Begin at the line below that has "Felipe Huszars profilbanner". Stop after the line that has "Orange and Red", repeating each line exactly and leaving out the pictures.

+++ RECORDS SHOWN

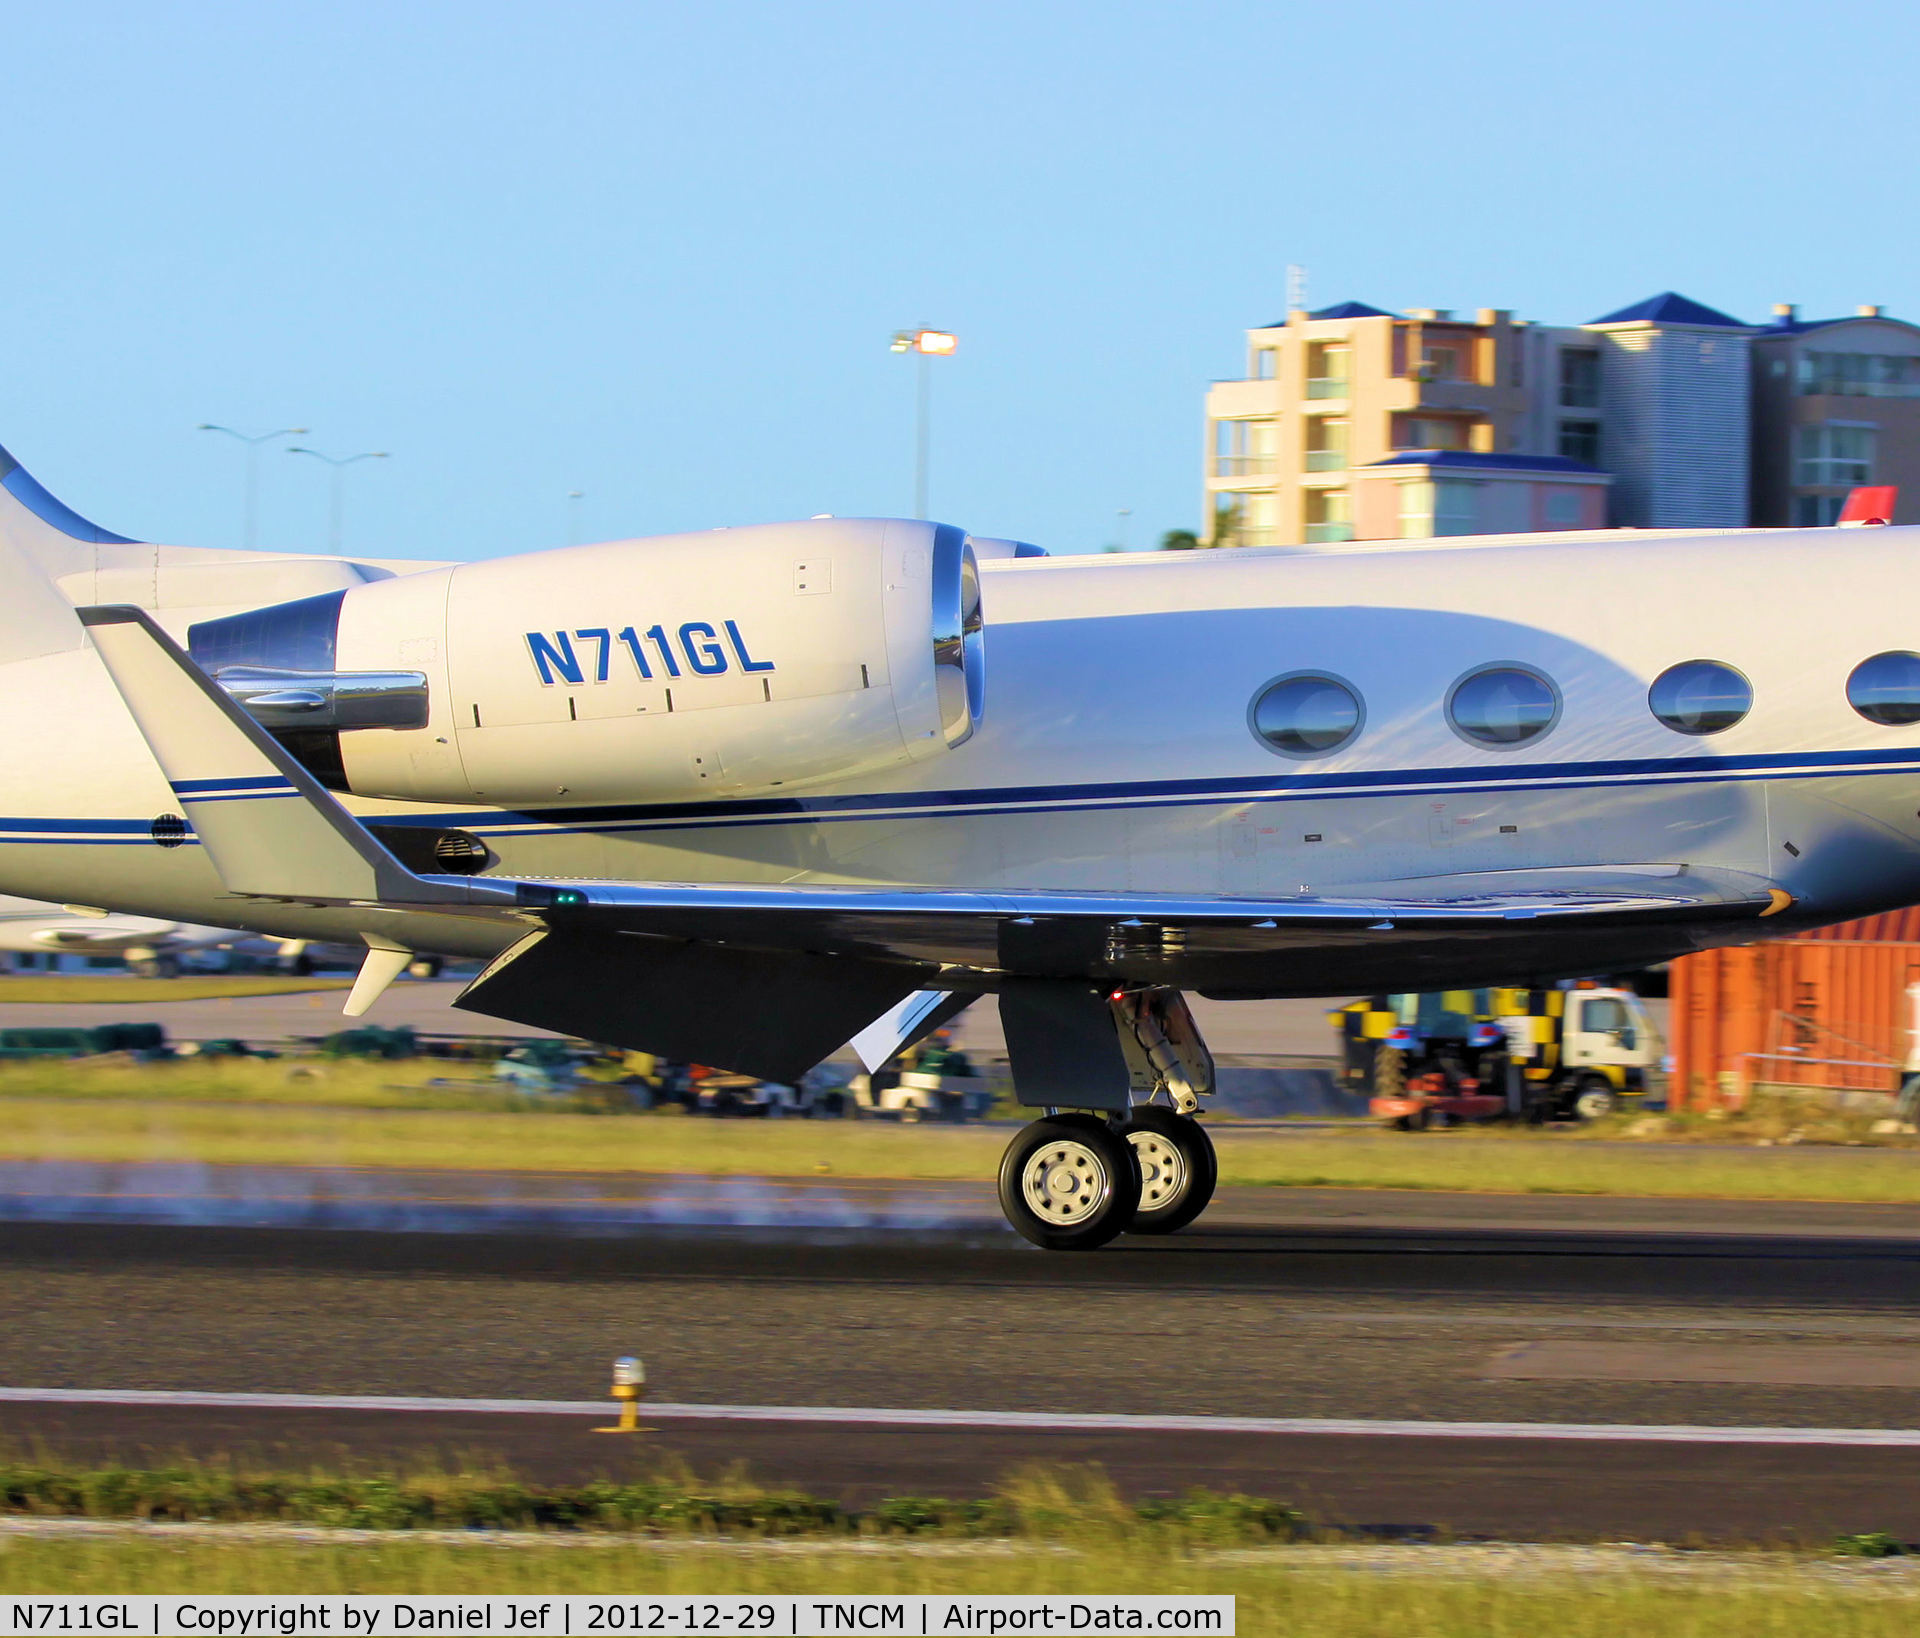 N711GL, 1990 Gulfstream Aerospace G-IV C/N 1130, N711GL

++++++
+++ RECORDS SHOWN

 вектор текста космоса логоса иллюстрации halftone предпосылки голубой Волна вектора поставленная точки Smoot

++++++
+++ RECORDS SHOWN

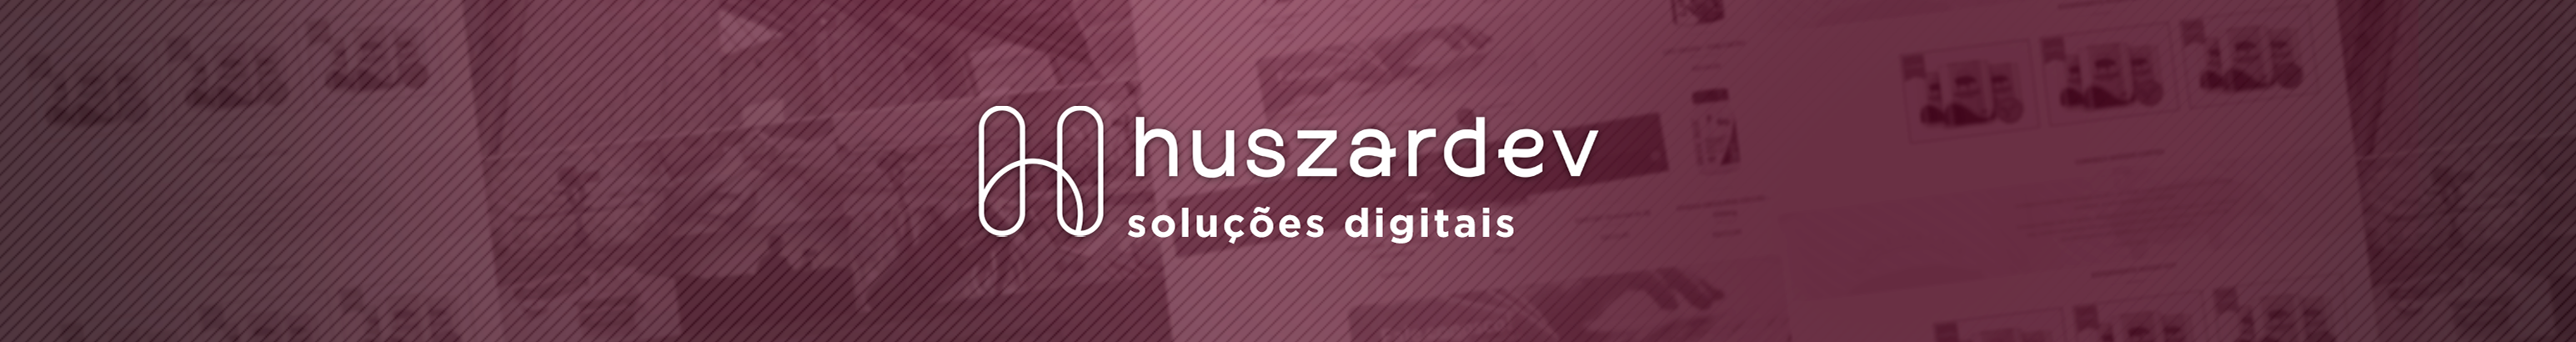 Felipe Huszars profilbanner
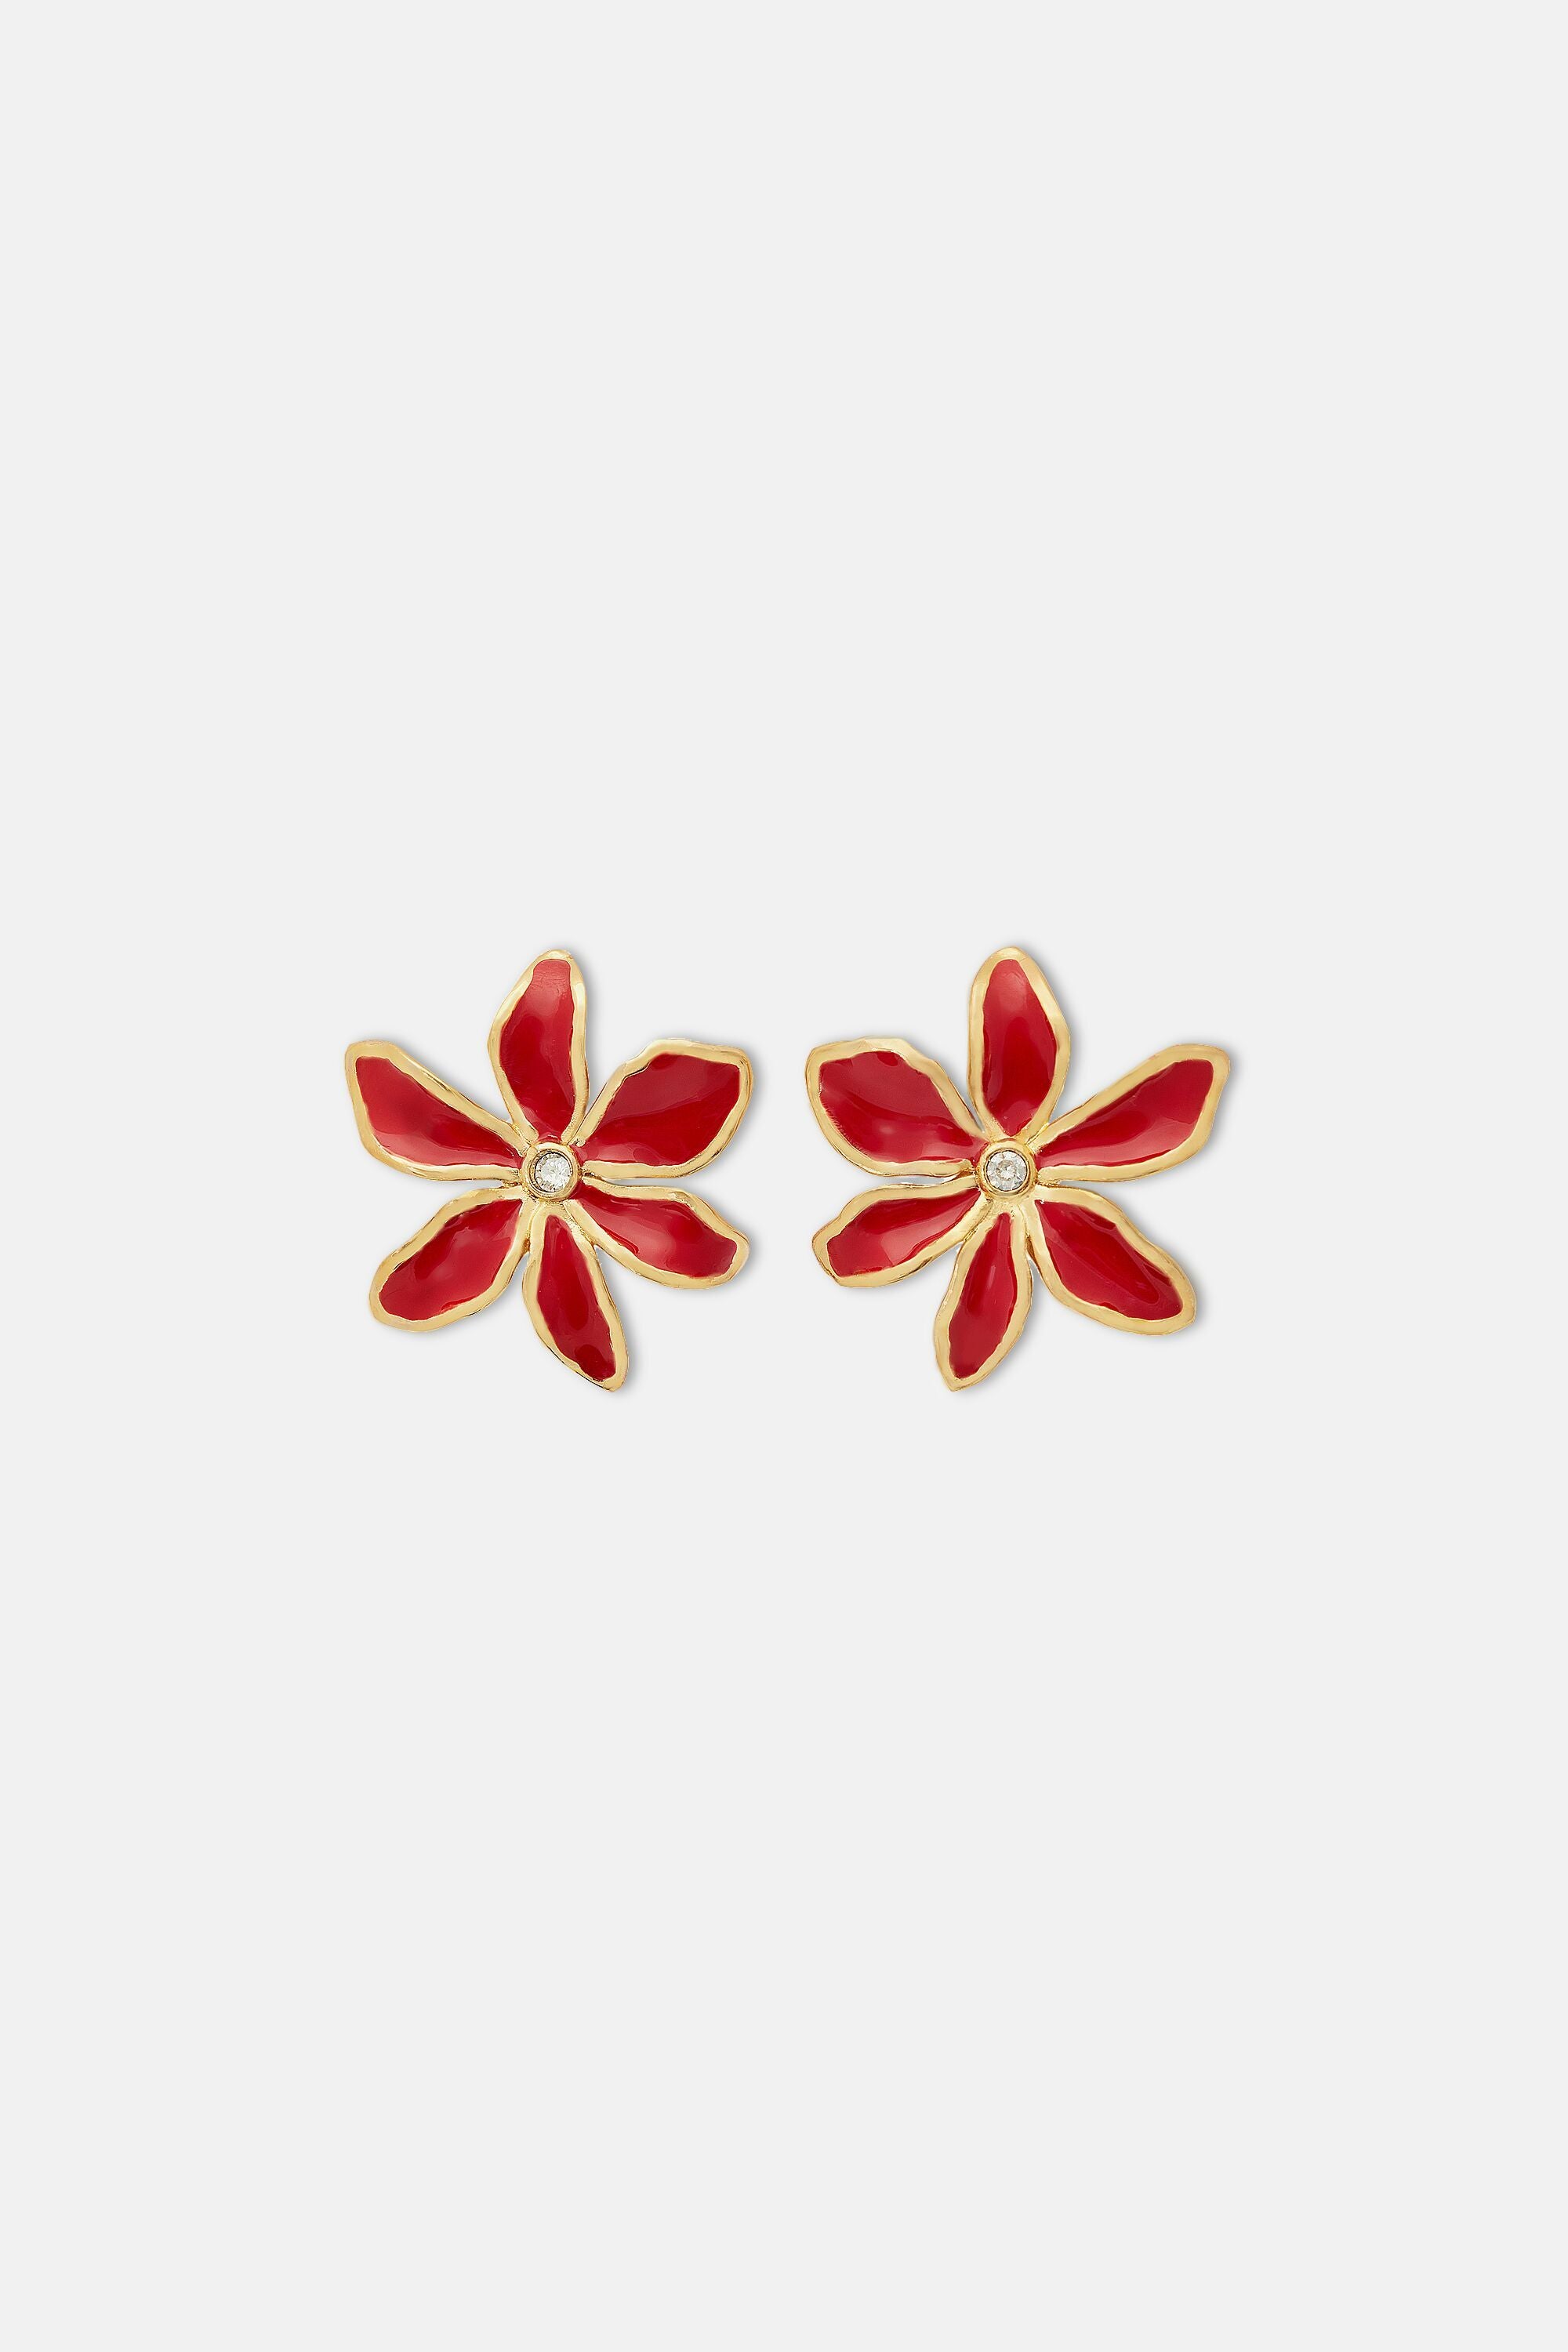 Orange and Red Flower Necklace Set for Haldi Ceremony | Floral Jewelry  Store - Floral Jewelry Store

++++++

**TASK SOLUTION**
 Felipe Huszars profilbanner
 Orange and Red Flower Necklace Set for Haldi Ceremony | Floral Jewelry  Store - Floral Jewelry Store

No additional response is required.